Bir sözü benzerlik ilgisiyle kendi anlamı dışında kullanmaktır. Yani bir kelimeyi kendisine benzeyen başka bir varlığın yerine kullanmaktır.

Benzetmenin asıl öğelerinden (benzeyen-benzetilen) biriyle yapılan benzetmedir.

İkiye ayrılır:

A) AÇIK İSTİARE

Kendisine benzetilen öğe ile yapılır. Benzeyen öğe kullanılmaz.

Gökyüzünün kandilleri (yıldız) yanmıştı
Bir med zamanı gökyüzü kurşunla (bulut) örtülü
Havada bir dost eli (rüzgâr) okşuyor tenimizi
Doya doya sevemedim kuzumu (çocuk)

Bir gün gelecek sen de perişan olacaksın
Ey gonca (sevgili) bu cemiyeti her dem mi sanırsın

İki kapılı bir handa
Gidiyorum gündüz gece”

Aslanlarımız bu maçta da iyi mücadele etti.

B) KAPALI İSTİARE

Benzeyen öğe ile yapılır, kendisine benzetilen söylenmez. Ama benzerlik yönü ya söylenir ya da anlaşılır.

Her kapalı istiarede aynı zamanda bir teşhis sanatı görülür.

Boynu bükük adalar tanıyor sanki bizi. (insan; boynu bükük, tanıyor)

Yüce dağların başında
Salkım salkım olan bulut (üzüm; salkım salkım)
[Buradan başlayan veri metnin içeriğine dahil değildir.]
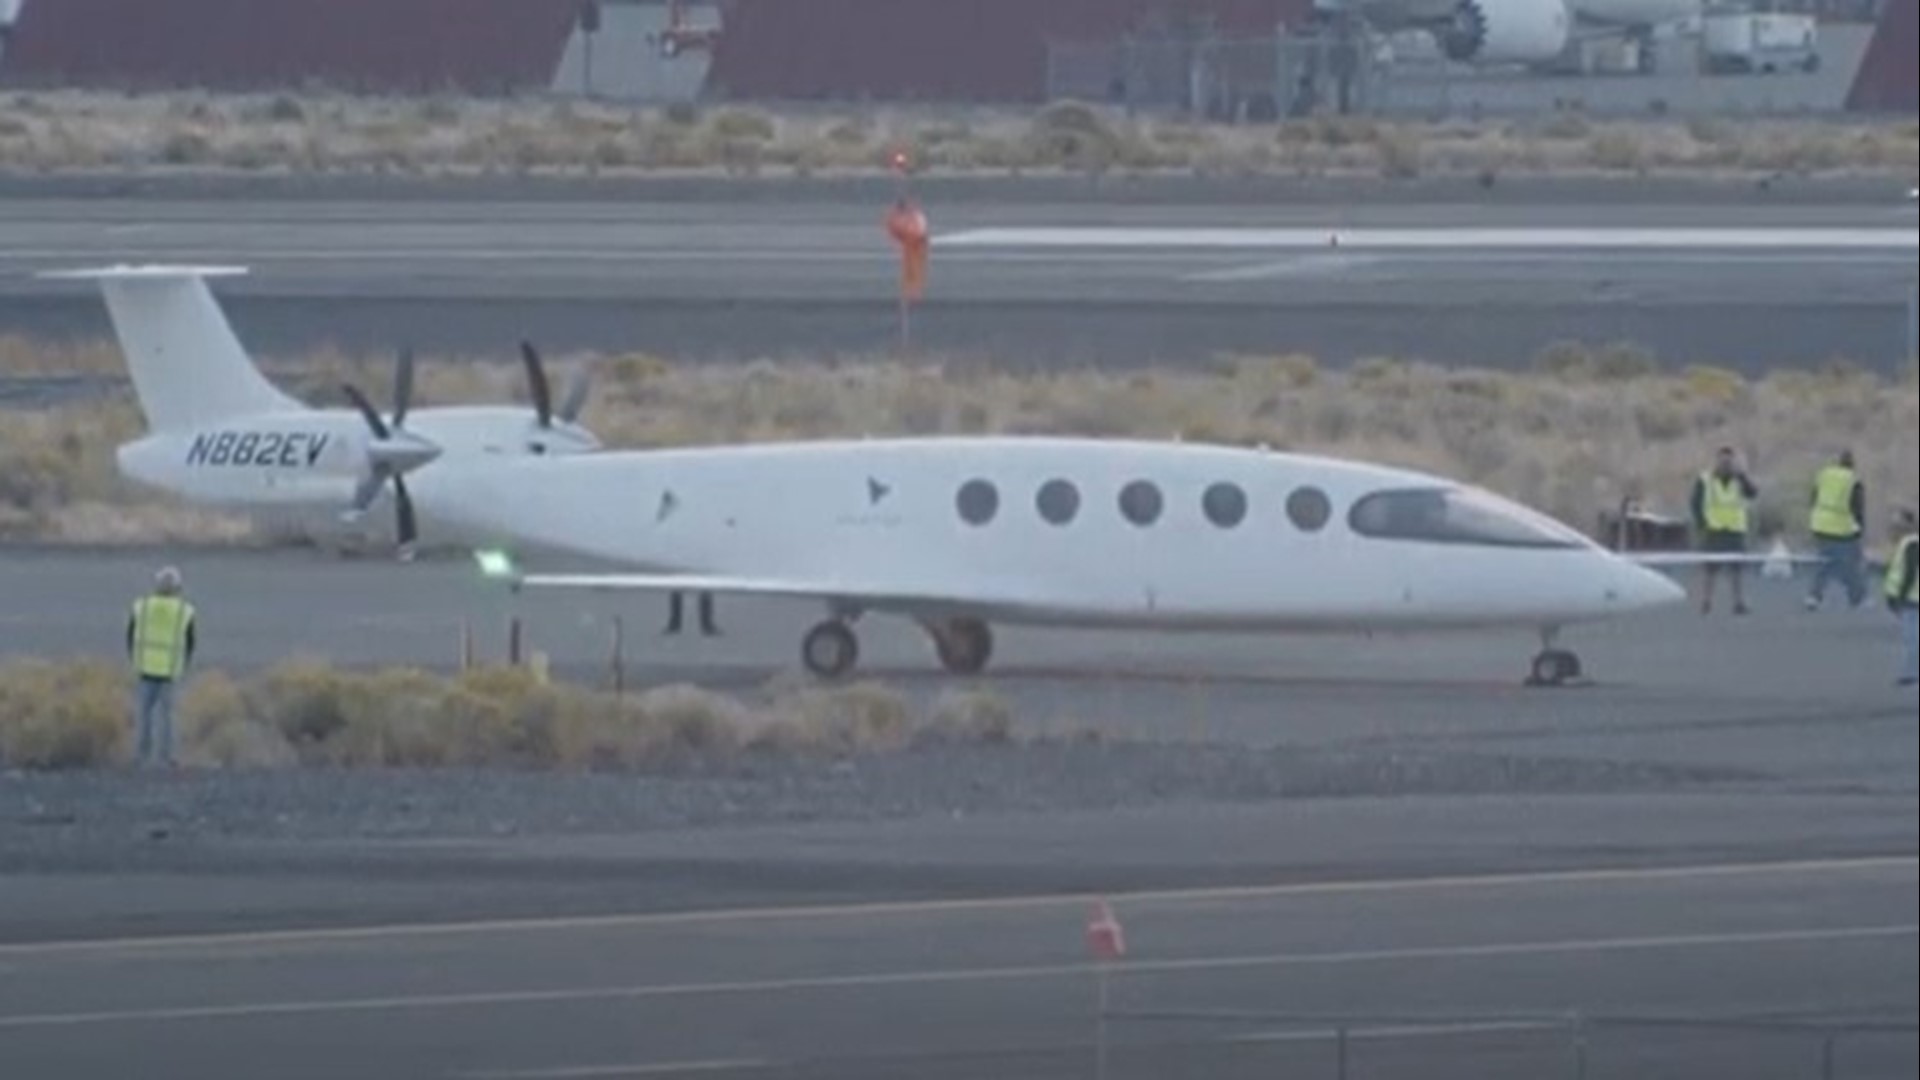 A prototype, all-electric airplane took its first flight Tuesday morning in central Washington state.

Ahmet, kükreyerek rakibinin üzerine saldırdı. (aslan; kükreyerek)
Bükün boynunuzu bayraklar bükün. (insan; bükün boynunuzu)
Çamlar hüzünlü, yollara düşmüş söğüt çınar (insan; hüzünlü, yollara düşmüş)
Yedi yıl süren hikâyemizi dinlemiş ihtiyar çınardan. (insan; ihtiyar)

C. YAYGIN İSTİARE

Benzeyenle kendisine benzetilen arasındaki birden çok benzerlik ilgisi sırasıyla anlatılarak benzetme yapılırsa buna yaygın istiare (temsili istiare) denir. Ama iki unsurda biri söylenir. Bu yönüyle yaygın benzetmeden ayırt edilir.

Artık demir almak günü gelmişse zamandan
Meçhule giden bir gemi kalkar bu limandan
Hiç yolcusu yokmuş gibi sessizce alır yol
Sallanmaz o kalkışta ne mendil ne de bir kol.

Burada insan (ruh) bir "sessiz gemi"ye benzetilmiş, dünya da bir "liman" olarak değerlendirilmiştir.